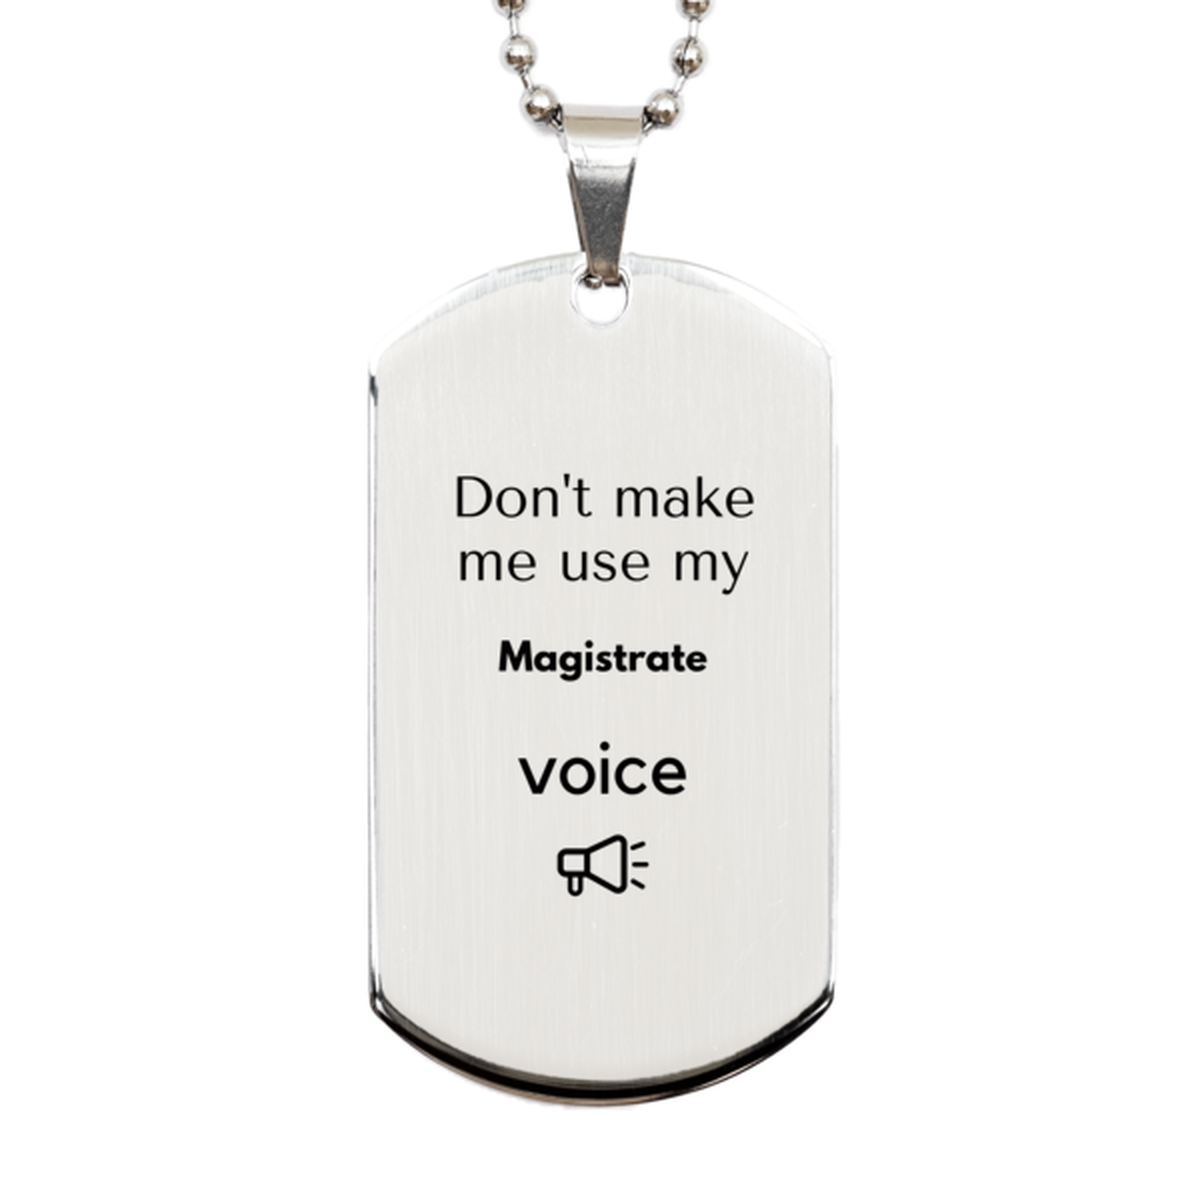 Don't make me use my Magistrate voice, Sarcasm Magistrate Gifts, Christmas Magistrate Silver Dog Tag Birthday Unique Gifts For Magistrate Coworkers, Men, Women, Colleague, Friends
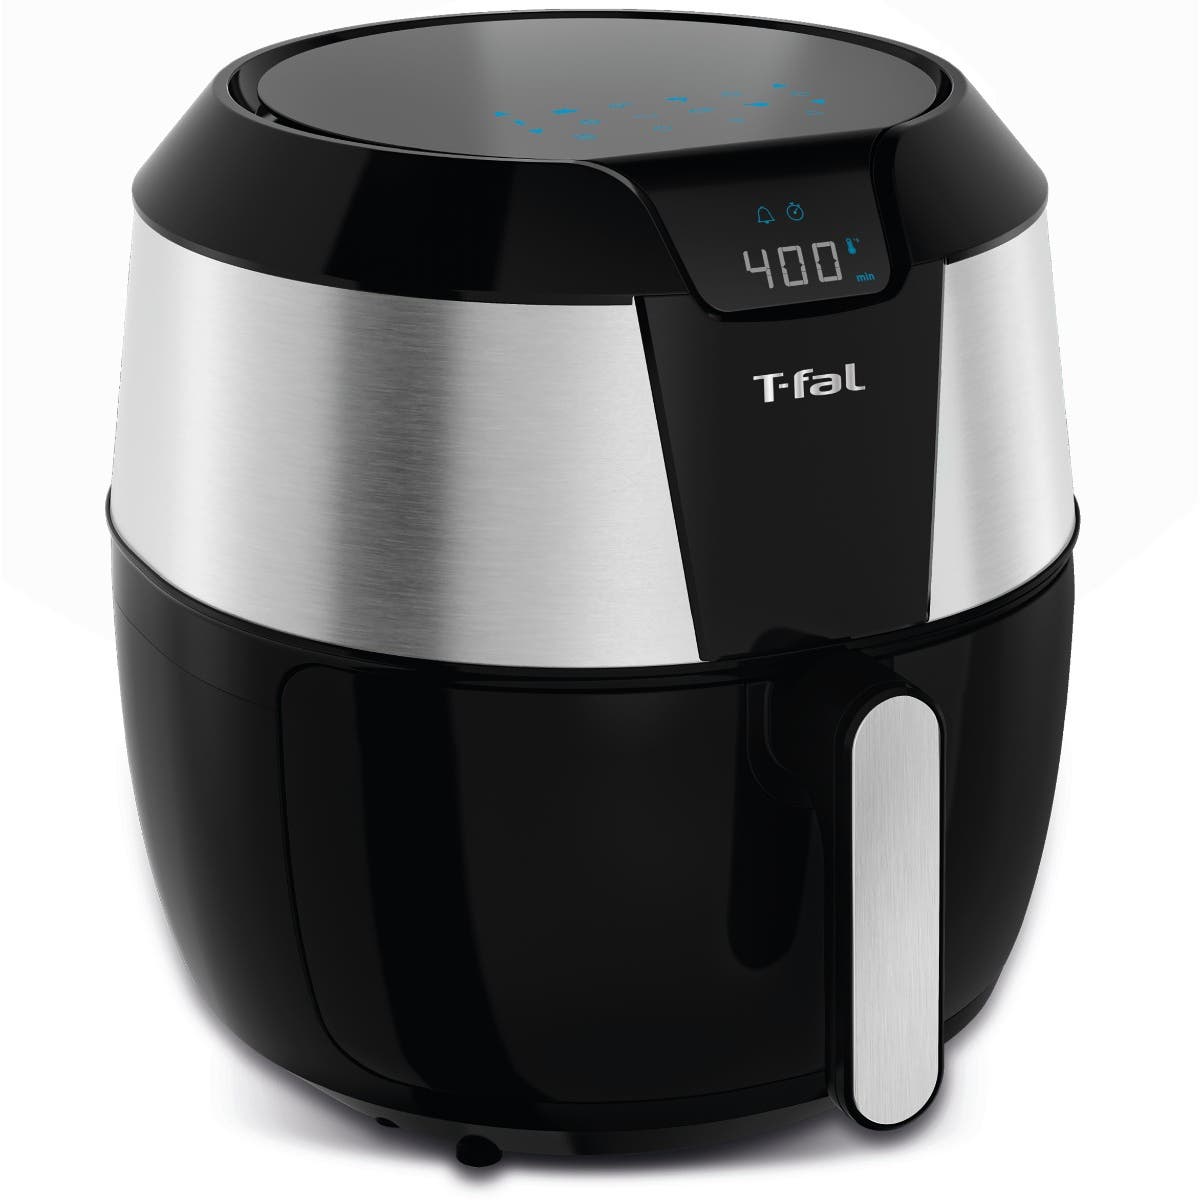 Home and Cook Sales - All-Clad, T-Fal & others $70
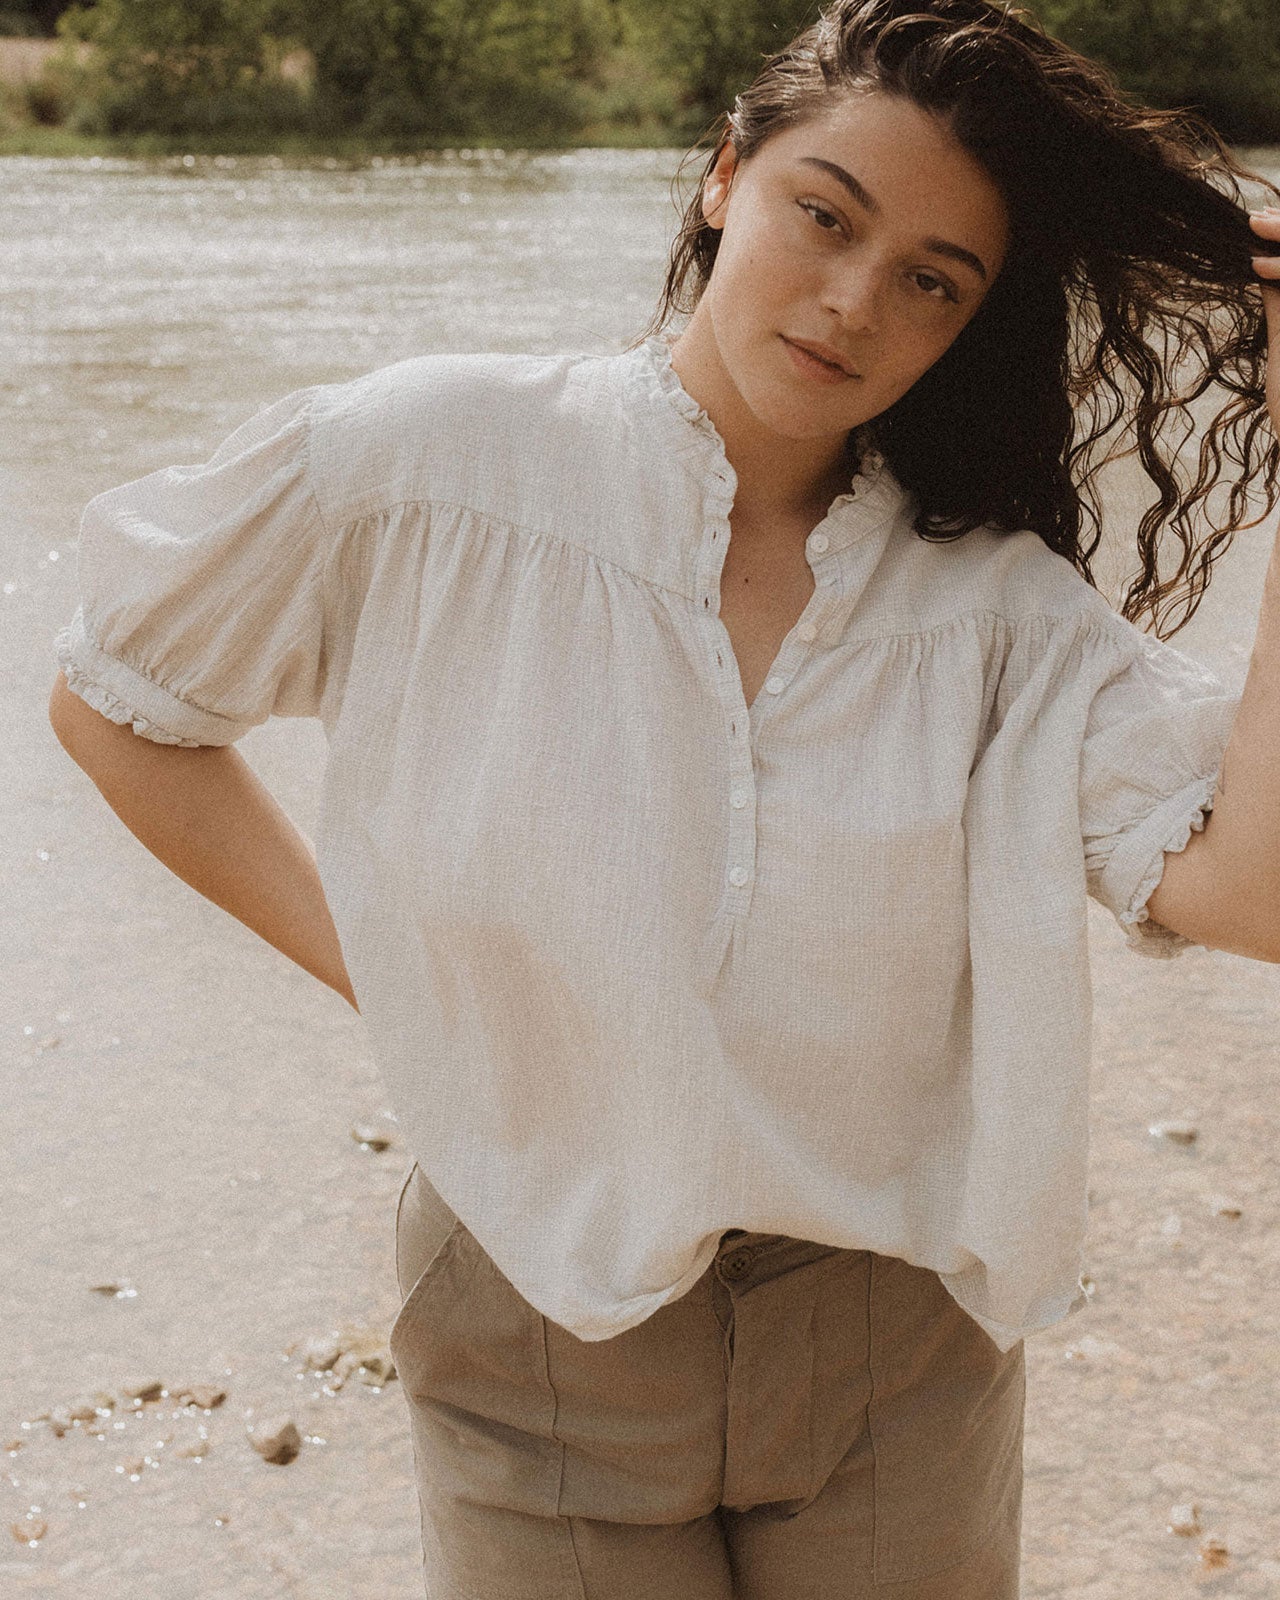 Esby Apparel Dana Top. A vintage-inspired intricate and oversized blouse. Made with a linen and cotton blend.
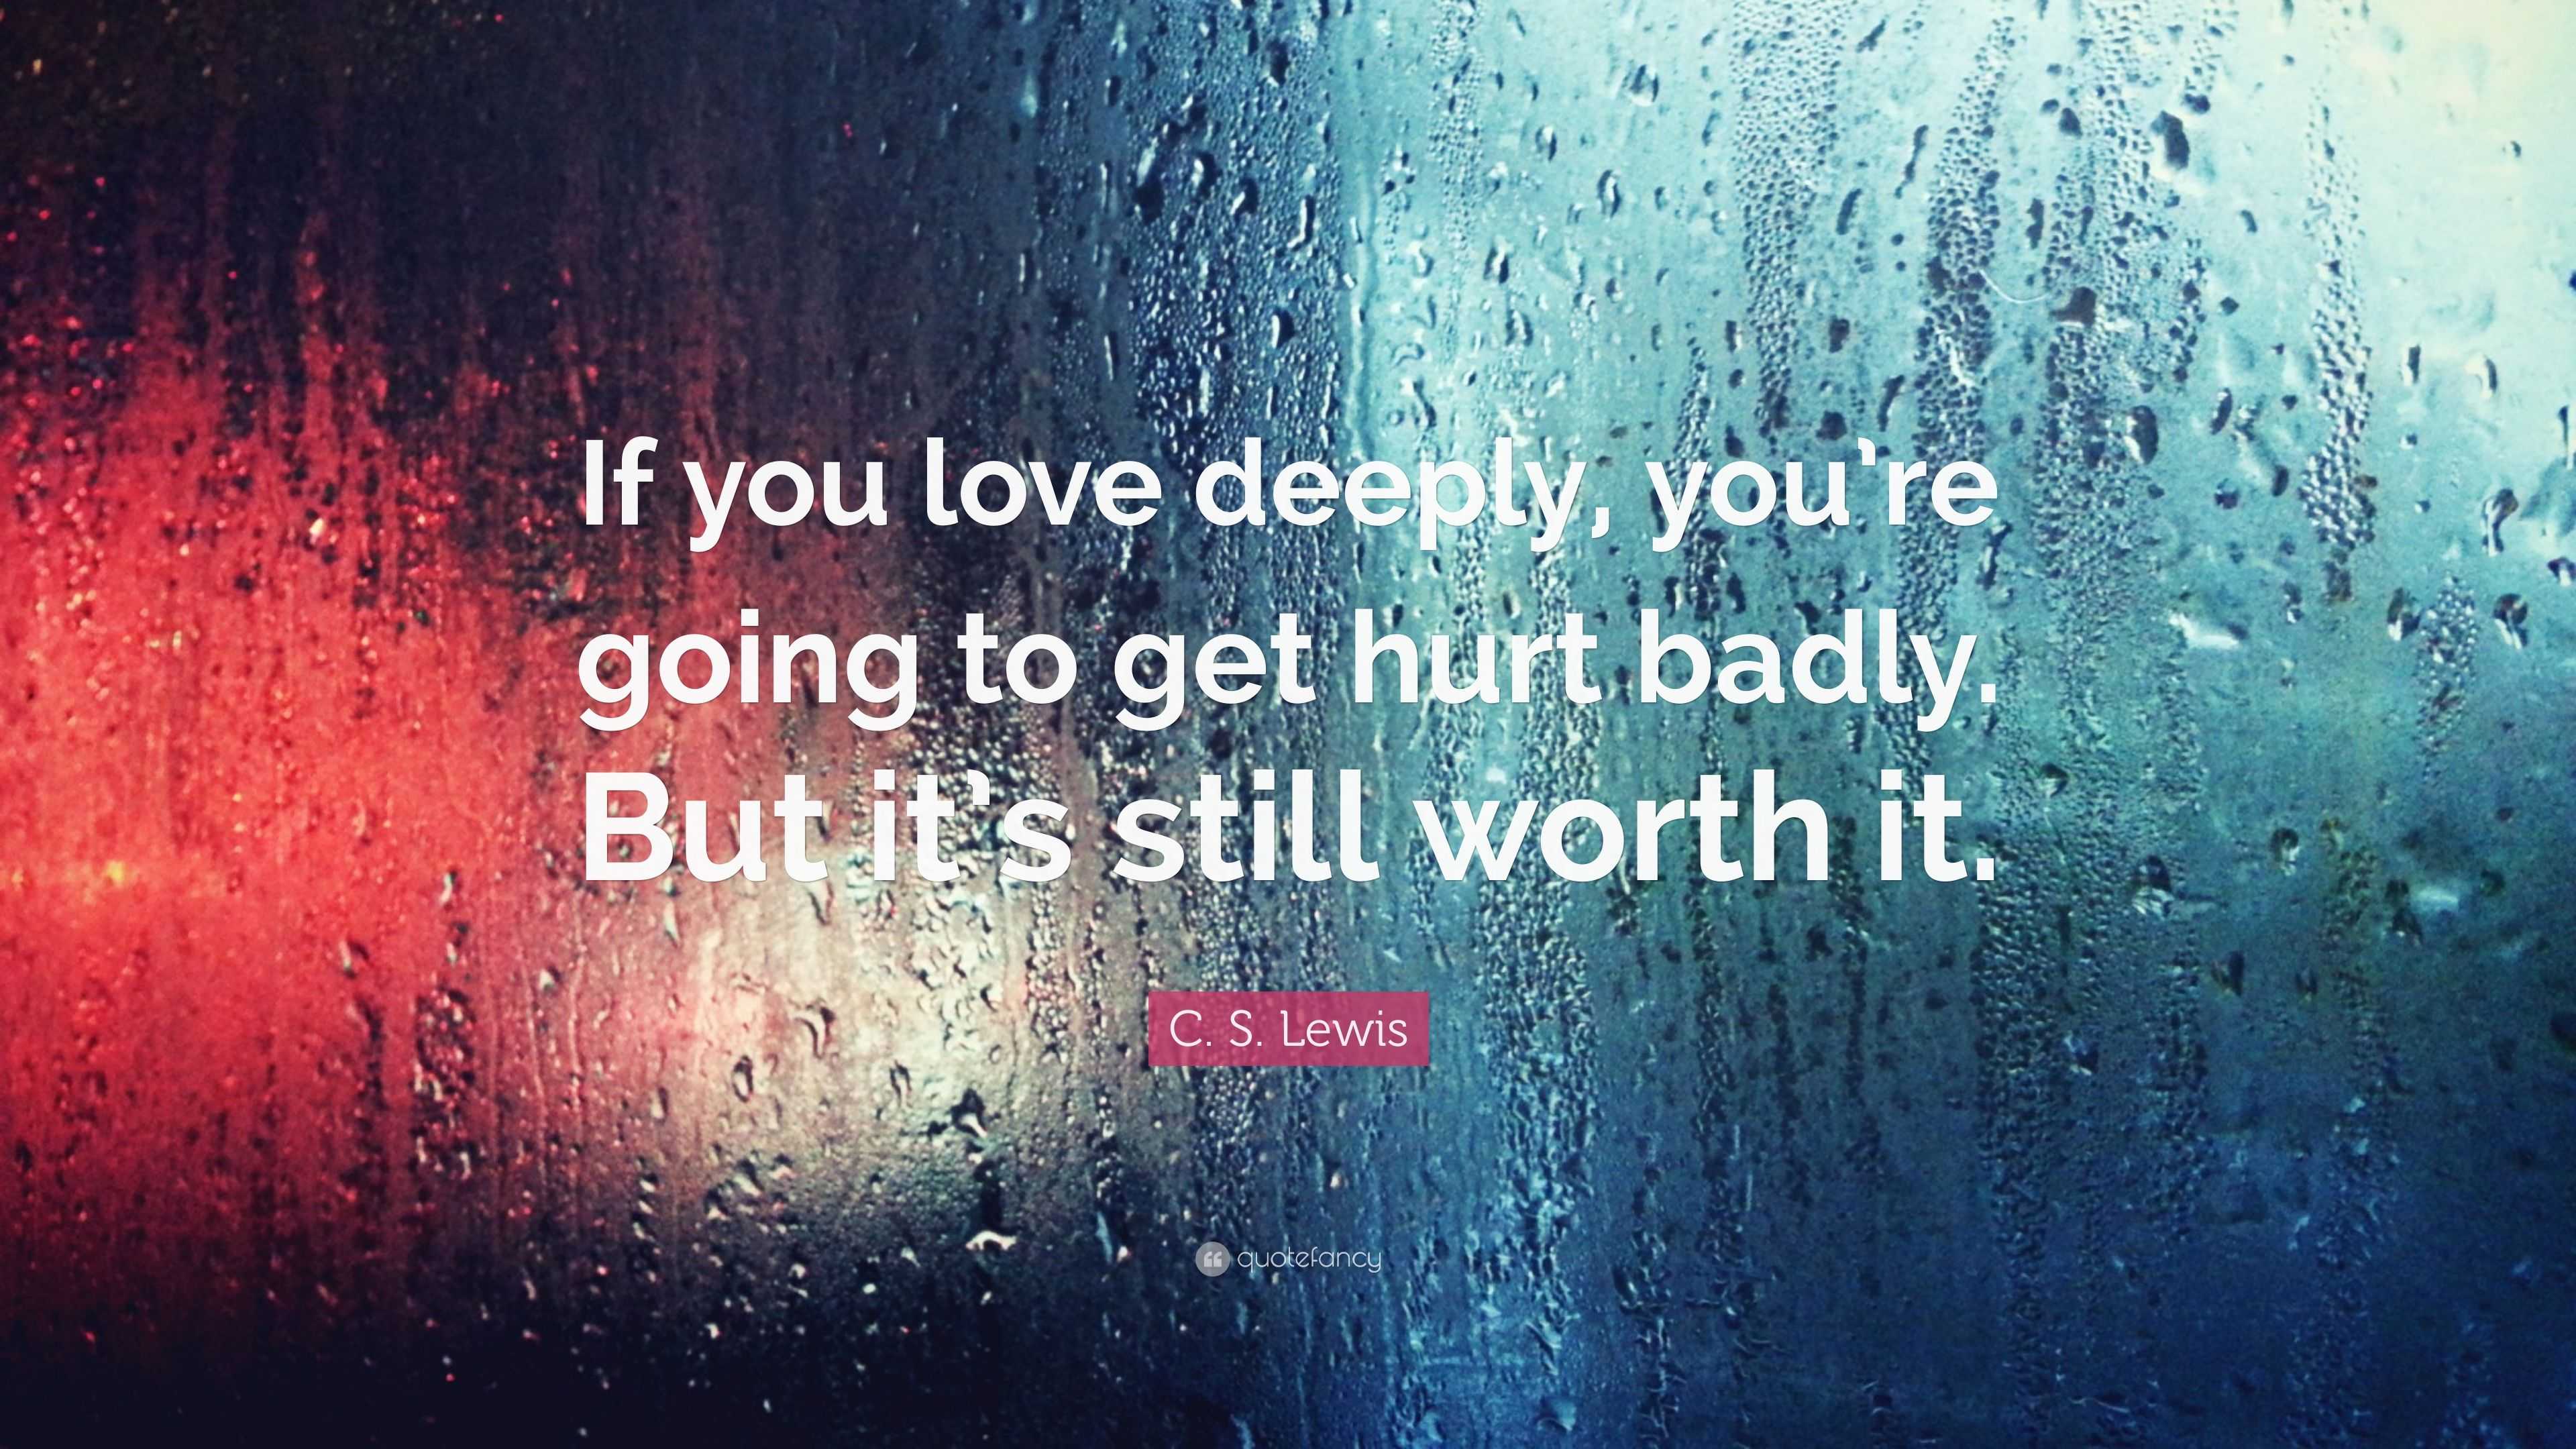 C. S. Lewis Quote: “If you love deeply, you’re going to get hurt badly

### Exercise requirements:
Could you give back the full listing word for word, leaving out the images?

### Exercise response:
 Don't make me use my Magistrate voice, Sarcasm Magistrate Gifts, Christmas Magistrate Silver Dog Tag Birthday Unique Gifts For Magistrate Coworkers, Men, Women, Colleague, Friends
 Home and Cook Sales - All-Clad, T-Fal & others $70
 Esby Apparel Dana Top. A vintage-inspired intricate and oversized blouse. Made with a linen and cotton blend.
 C. S. Lewis Quote: “If you love deeply, you’re going to get hurt badly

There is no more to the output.